# Problem requirements:
Leave the pictures aside and copy all the data exactly.

# Data shown:
---+---

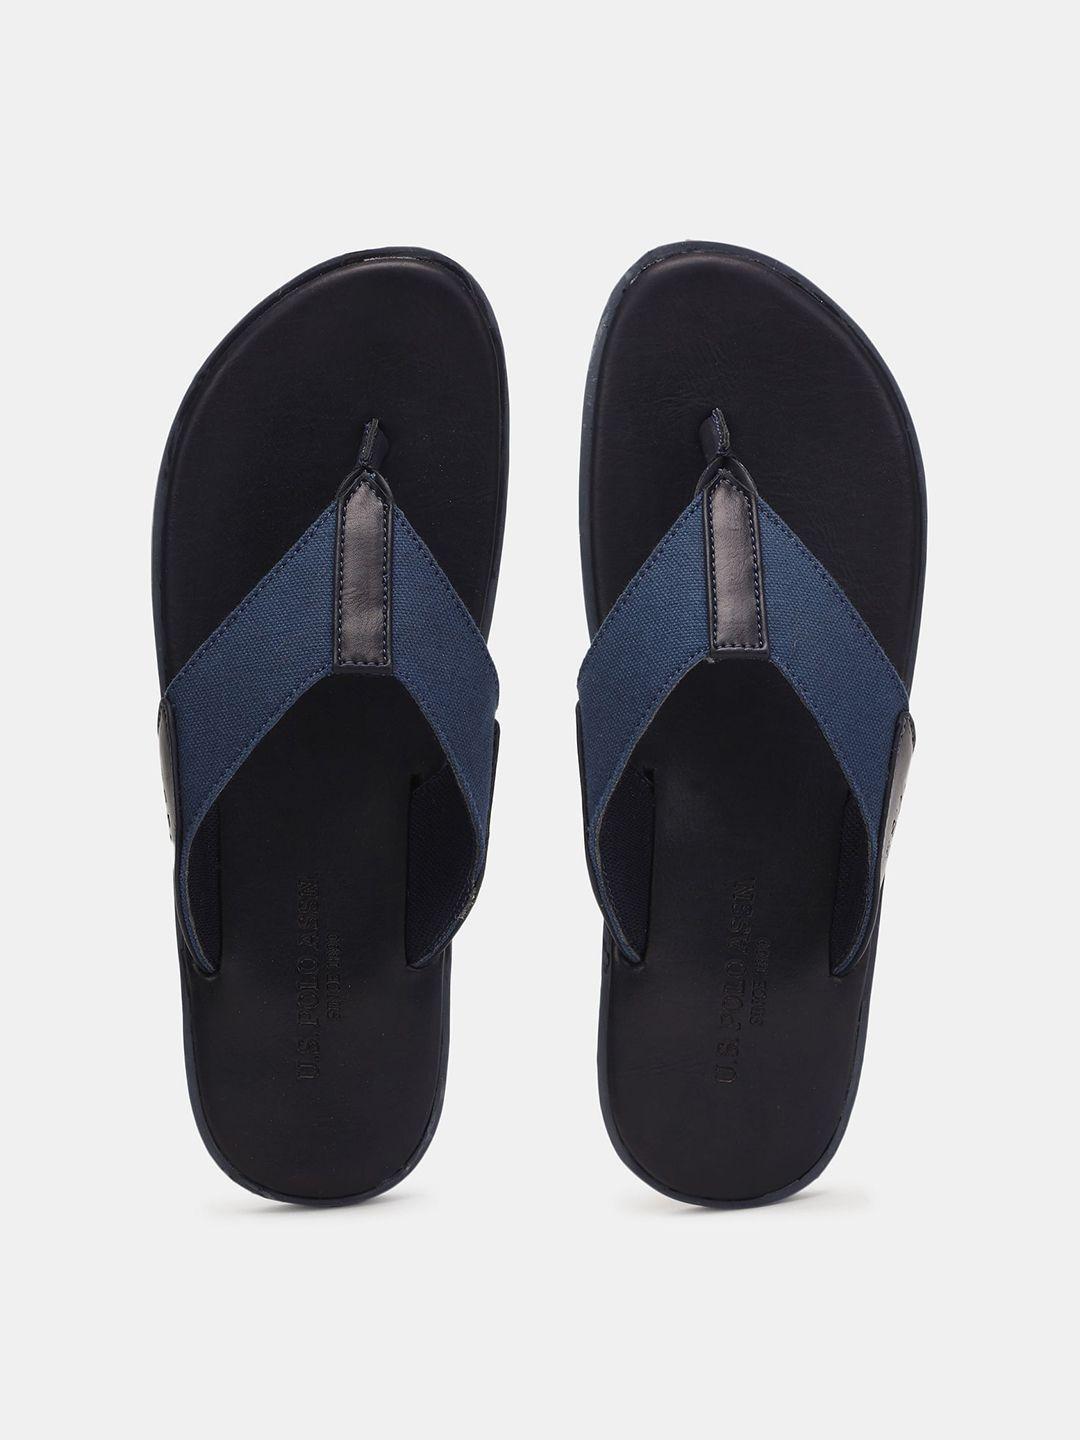 u s polo assn men navy blue leather comfort sandals
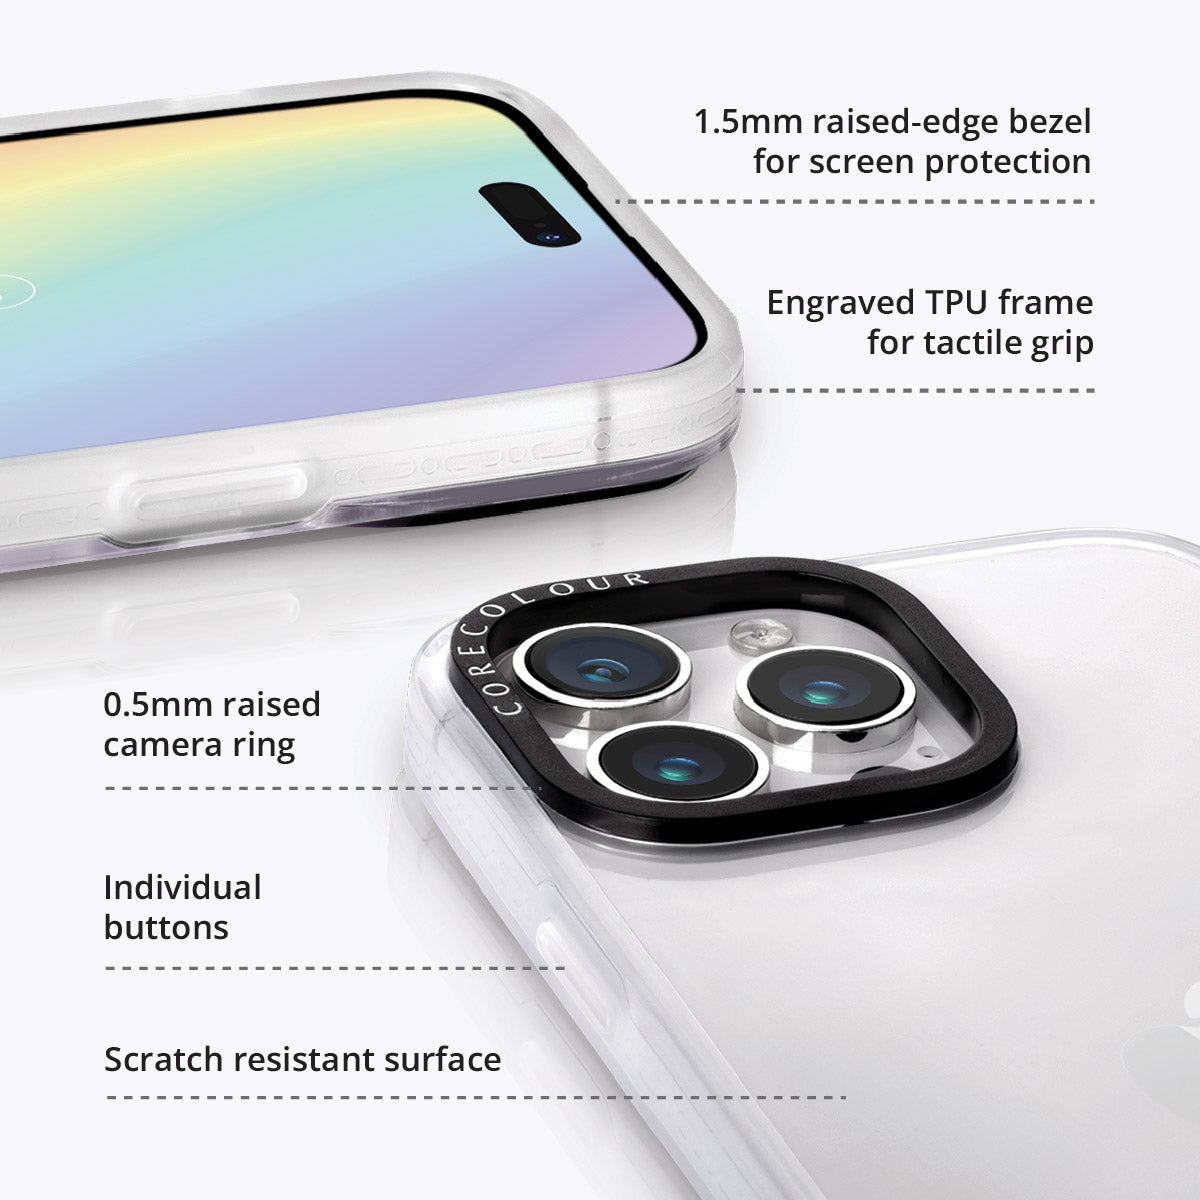 iPhone 13 Cocoa Delight Phone Case MagSafe Compatible - CORECOLOUR
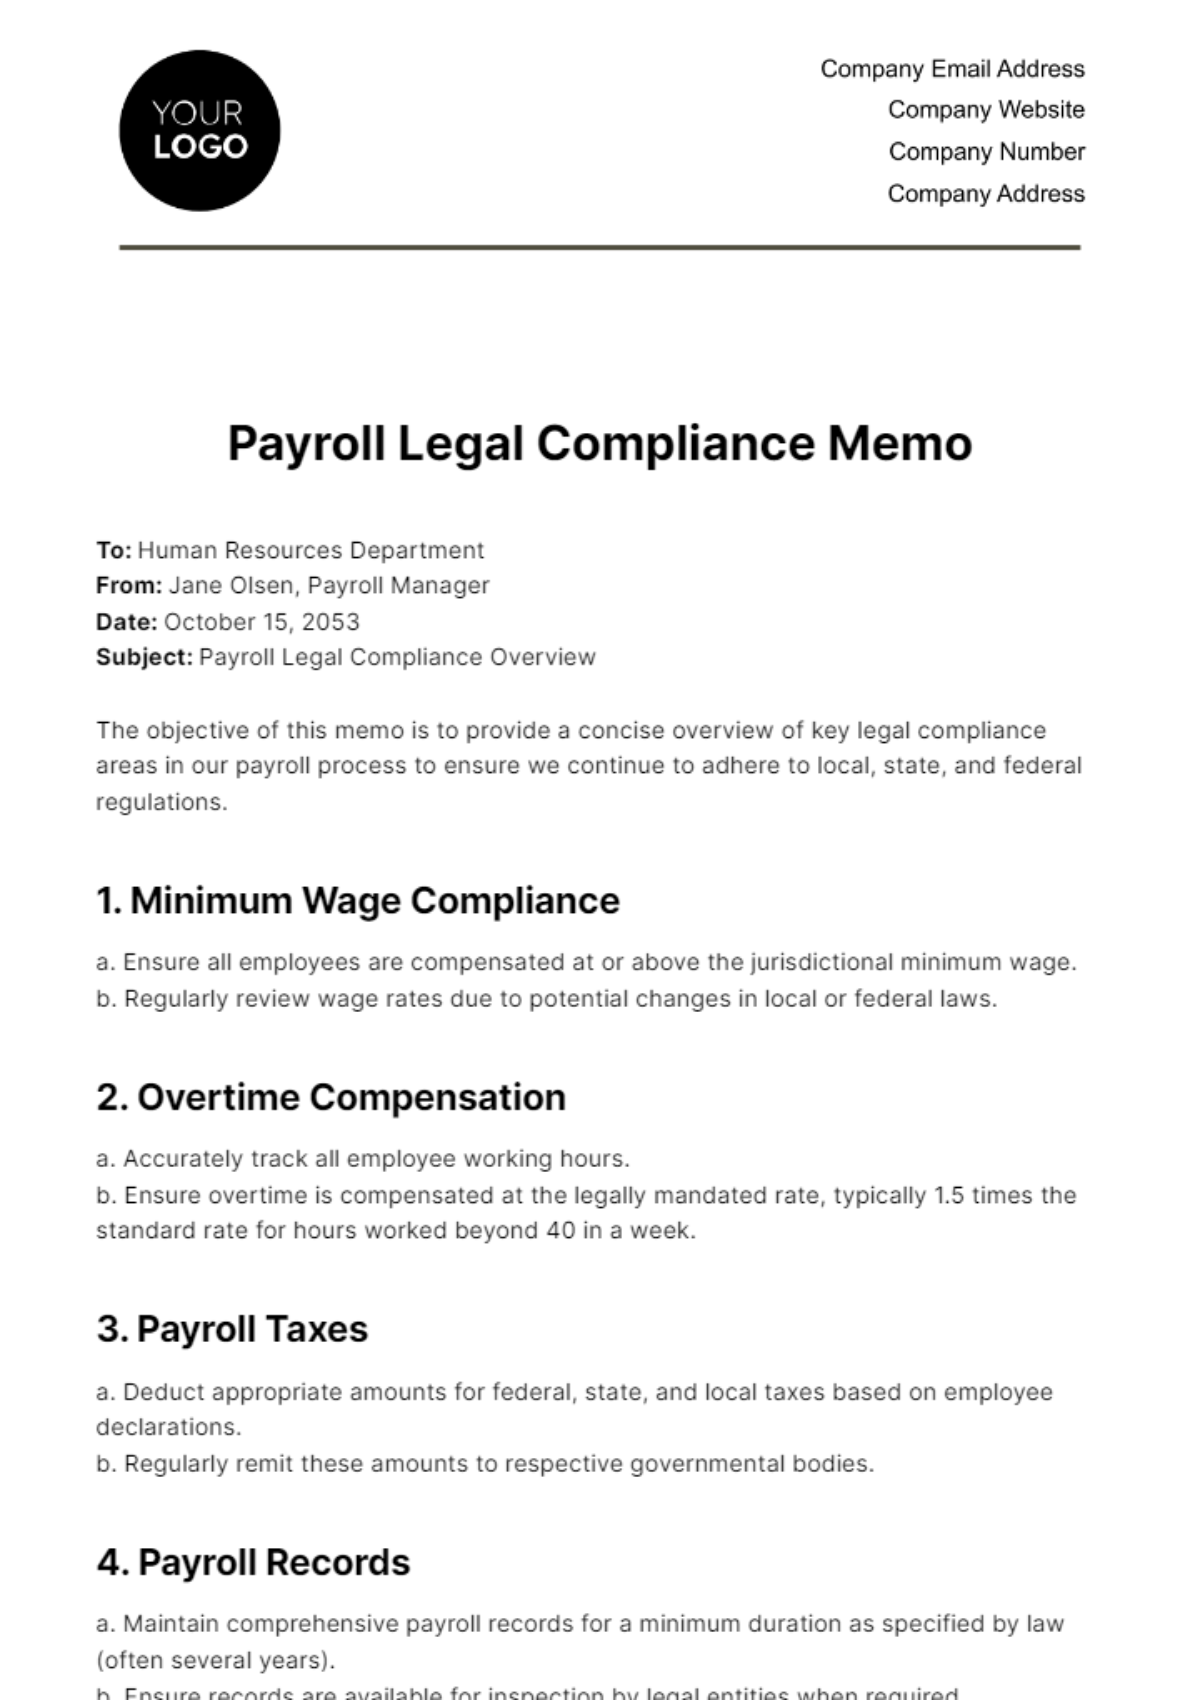 Payroll Legal Compliance Memo HR Template

---+---

# Problem solution:
 u s polo assn men navy blue leather comfort sandals
 iPhone 13 Cocoa Delight Phone Case MagSafe Compatible - CORECOLOUR
 Payroll Legal Compliance Memo HR Template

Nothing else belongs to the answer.